Videos of the interview posted on YouTube triggered a barrage of insulting comments and expletives.
Gordillo owns two waterfront properties in San Diego's Coronado Cays, Mexico's Attorney General Jesus Murillo says.
One elegant villa was acquired in 1991 under the name of Gordillo's now-deceased mother and has its own boat dock. It was transferred to a company called Comercializadora TTS in 2007, deed records show.
A check to cover a $27,474 property tax bill from Comercializadora bounced in December, San Diego county records show.
Comercializadora is registered at the same property, which was empty when Reuters called. No-one was available for comment.
Murillo says Gordillo's mother owned 99 percent of that company's shares. The property was valued by the San Diego County tax assessor at $4.7 million.
A second property owned by the same company in the same development was purchased for $4 million in 2010. Gordillo also has a clutch of upscale properties in Mexico City.
Murillo said Gordillo's declared income of 1.1 million pesos (56,753 pounds) a year between 2009 and 2012, was well below the bank deposits and purchases they say she made during the period.
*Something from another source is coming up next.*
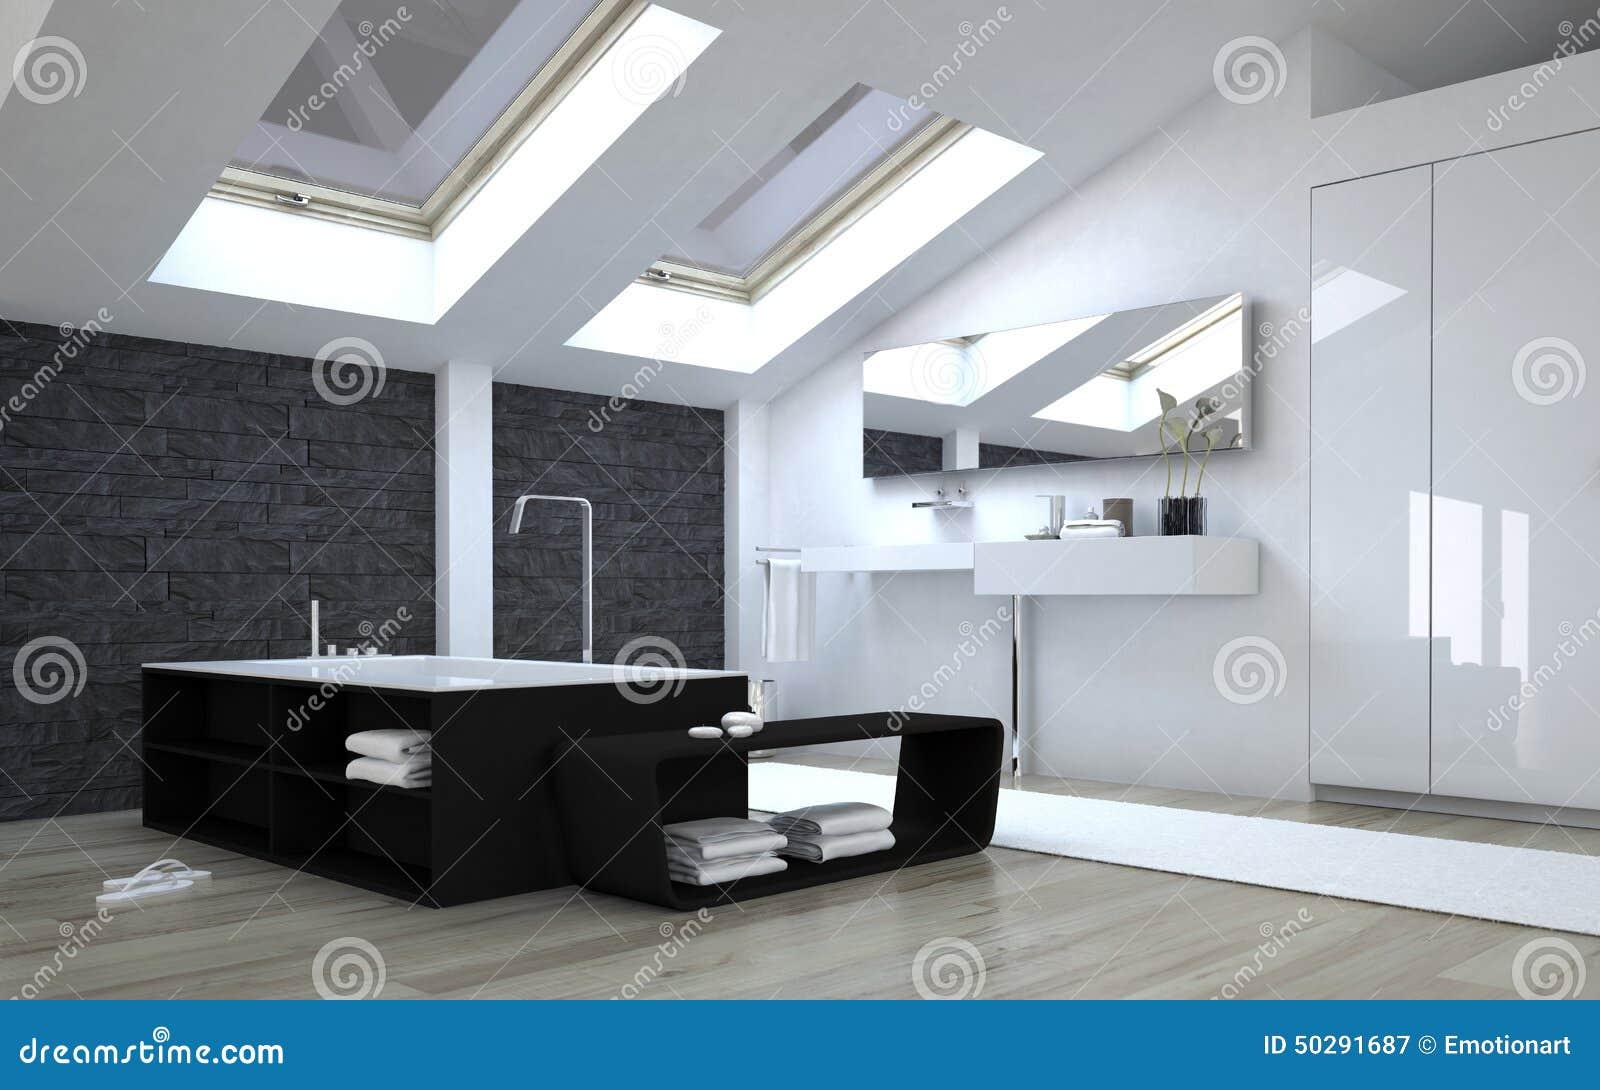 Bagno in bianco e nero moderno con i lucernari - Bagno bianco e nero ...

She used to hand out laptops to teachers at conferences, and has often been photographed clutching Louis Vuitton or Hermes purses. Newspapers this week published collages of photographs of Gordillo showing a series of facelifts and surgeries.
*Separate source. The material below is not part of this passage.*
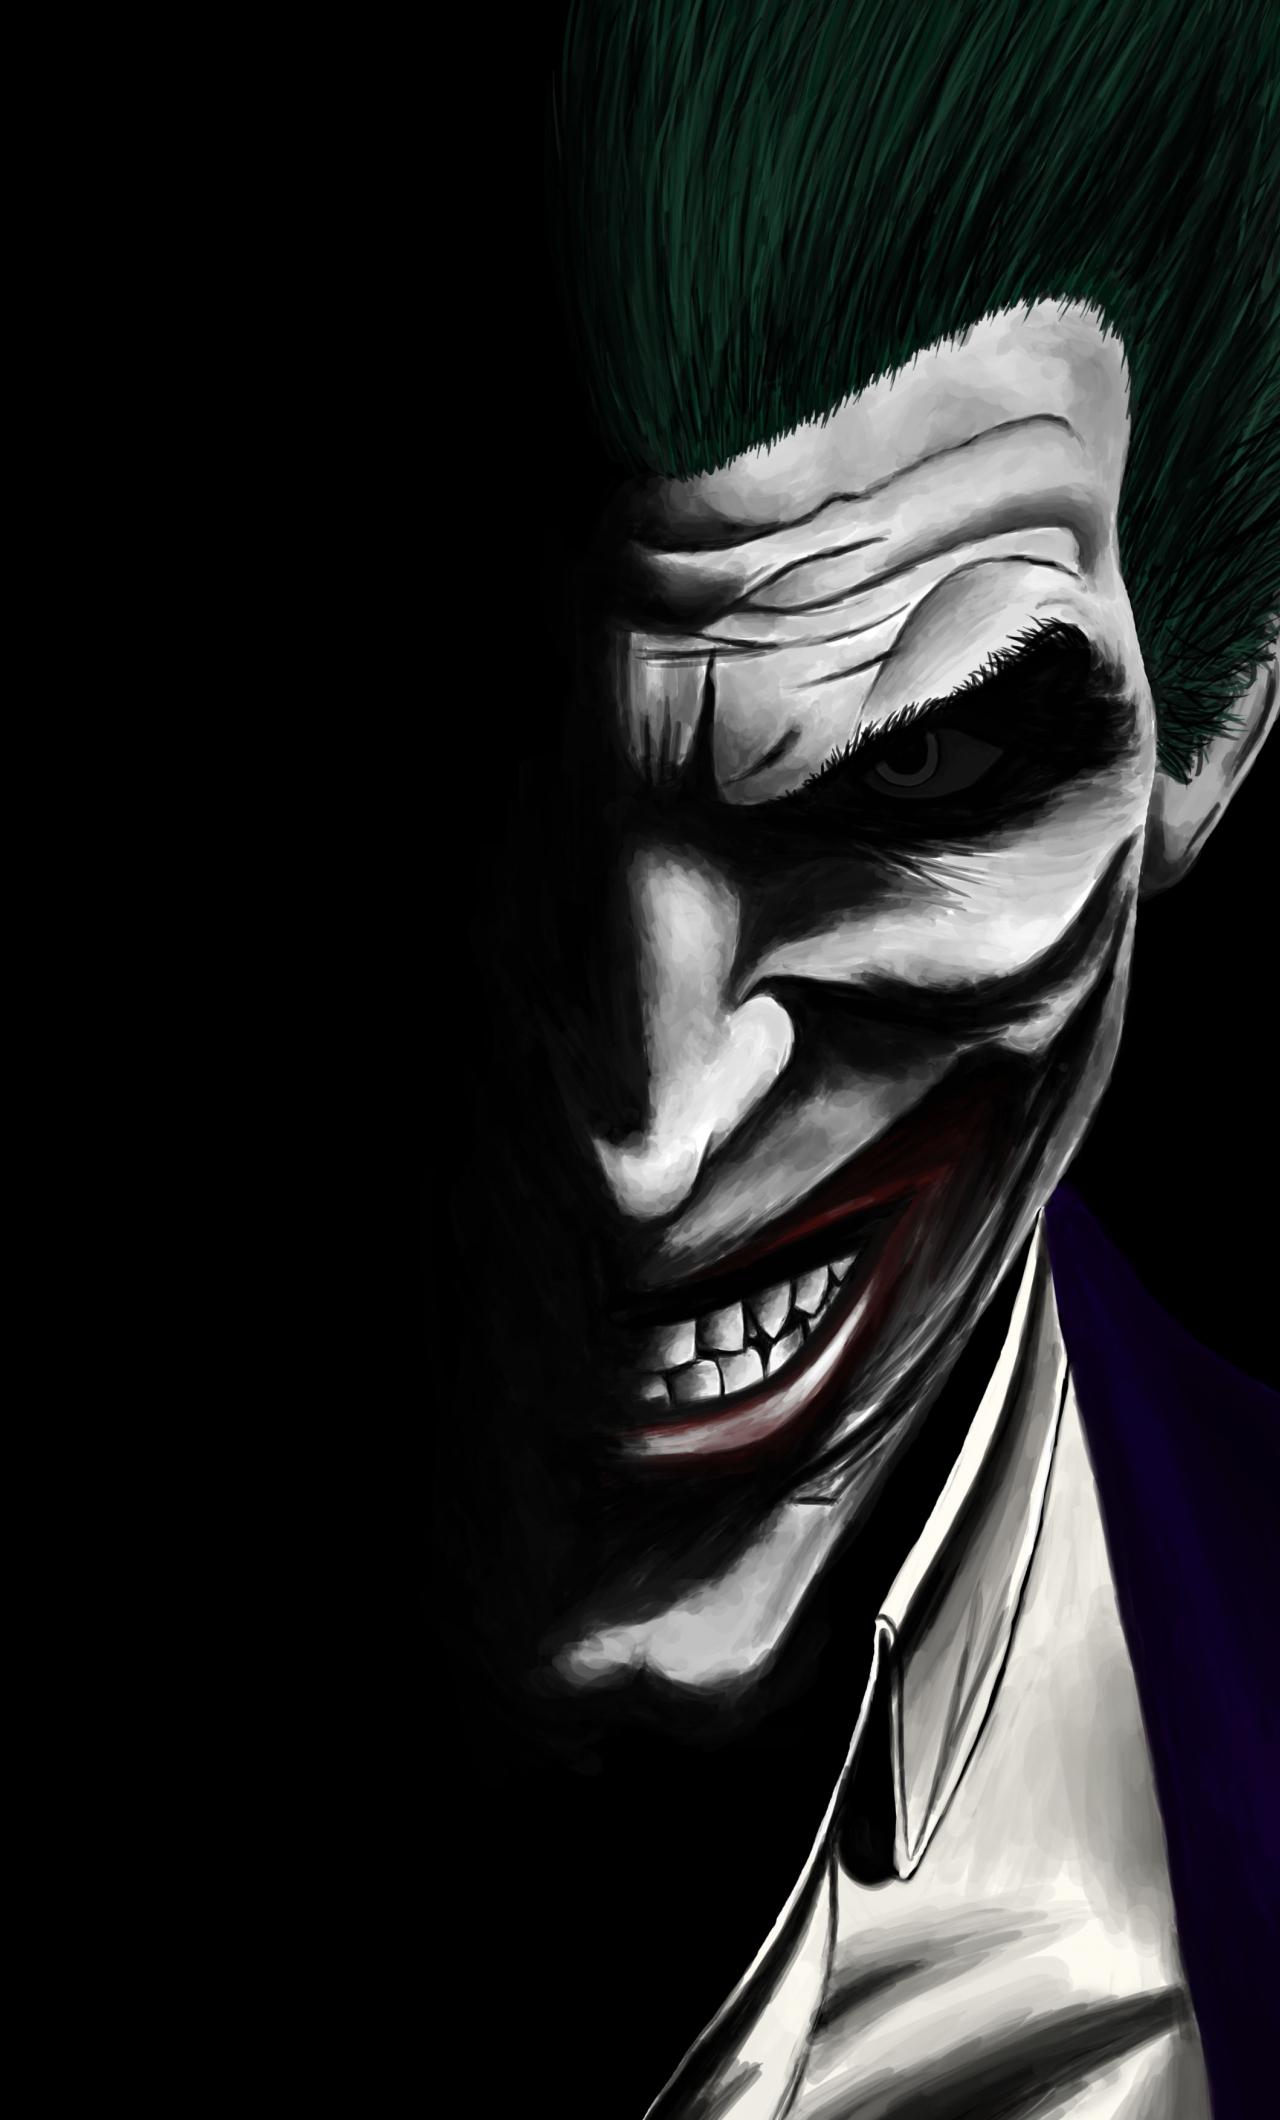 Joker Dark Dc Comics Villain Artwork 1280x2120 Wallpaper

GRAFT AND 'GRANDPA'S INHERITANCE'
In denying the accusations of graft, Gordillo says she was simply wise in administering an inheritance from her grandfather.
She has also repeatedly denied accusations that she ordered the murder of a union rival in 1981. She was accused by the slain teacher's relatives.
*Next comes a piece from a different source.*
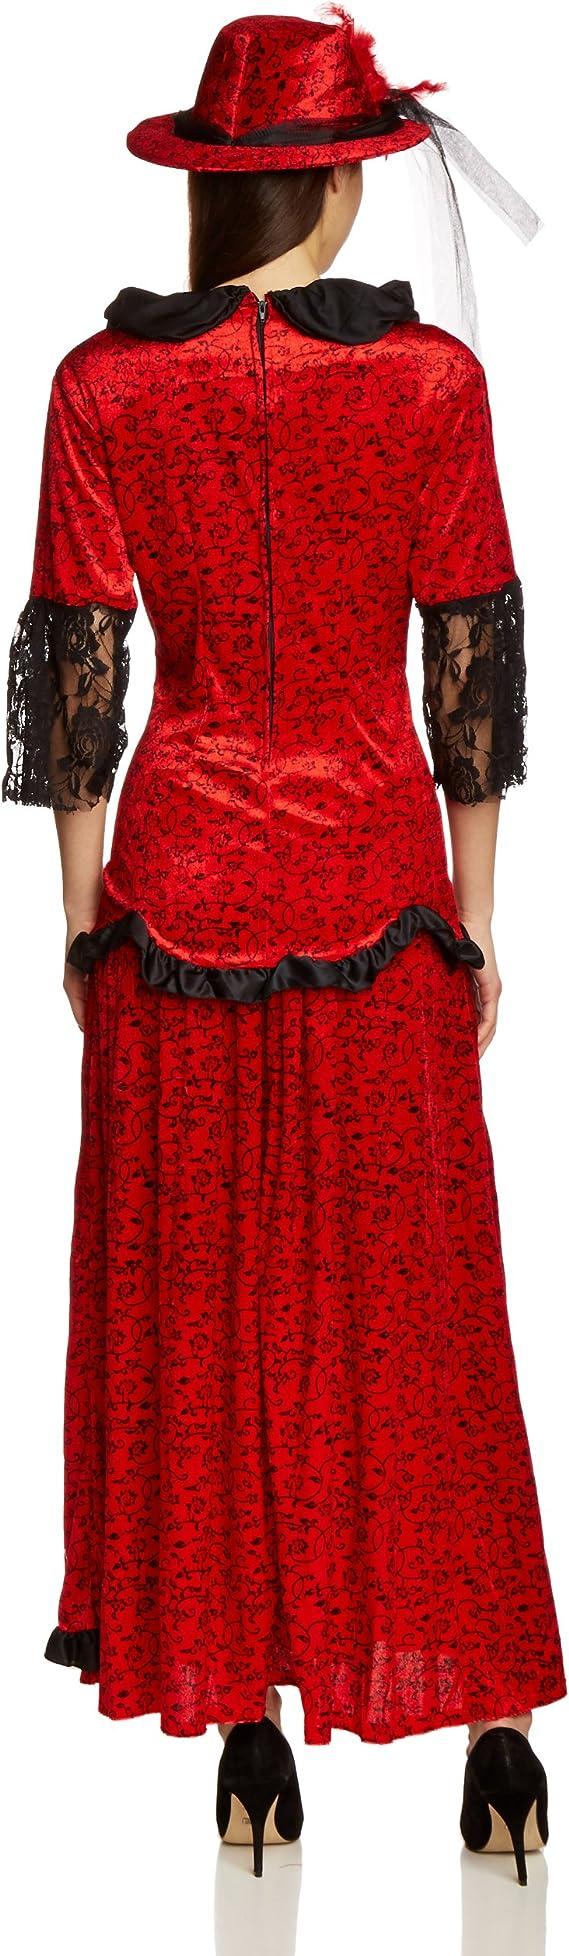 WIDMANN Widman - Disfraz de cowboy para mujer, talla XL (W3239) , color/modelo surtido: Amazon.es: Juguetes y juegos

For many years, Gordillo was a powerful figure in Mexican politics and once led Pena Nieto's Institutional Revolutionary Party (PRI) in the lower house Chamber of Deputies.
"Gordillo represented the incredible hold that vested interests have had over Mexican politics, the economy and society over the past 20 years or so," said Duncan Wood, Director of the Woodrow Wilson Centres Mexico Institute.
The union long had a cosy relationship with the PRI, and Gordillo's arrest could help reset the party's reputation, which has long been synonymous with cronyism, corruption and backroom deals.
Gordillo broke with PRI party leaders before the 2006 presidential election and founded the small New Alliance Party. That may have made her more vulnerable to investigation, especially once she made it clear she would oppose any reforms that weakened her union.
Politicians close to Gordillo were notably reluctant to defend her. The New Alliance Party said in a statement it would not issue opinions on the judicial process. Gordillo's daughter has said she does not want to talk about it.
Pena Nieto has insisted the arrest of Gordillo has nothing to do with politics, but inside Mexico it is widely seen as a clear message from his government that it will push ahead with economic and political reforms and will go after troublesome officials who try to block change.
"This goes way beyond education. It's about sending a signal to other unions in particular that they need to come on board to the government's program," Wood said. "As it has played out, I think it has been a stroke of genius."
Mexico's public education system is in a mess, dragging on the potential growth of Latin America's No.2 economy, and many people blame Gordillo and other union leaders for blocking efforts to improve teaching standards.
Some teachers often skive classes themselves, while final year students doing social service are sent in as substitutes for teachers who take jobs within the union and continue to receive their pay packets.
Teaching positions can be passed down through families even in the absence of qualifications, or are simply sold under the table or bartered for cars or other assets.
And with no annual collective bargaining contract for teachers, Gordillo has had the power to demand pay raises and an array of benefits for teachers from the government.
The education revamp aims to tame the union, lift teaching standards and workers' education levels. It was signed by Pena Nieto on Monday, but still requires a new law on implementation.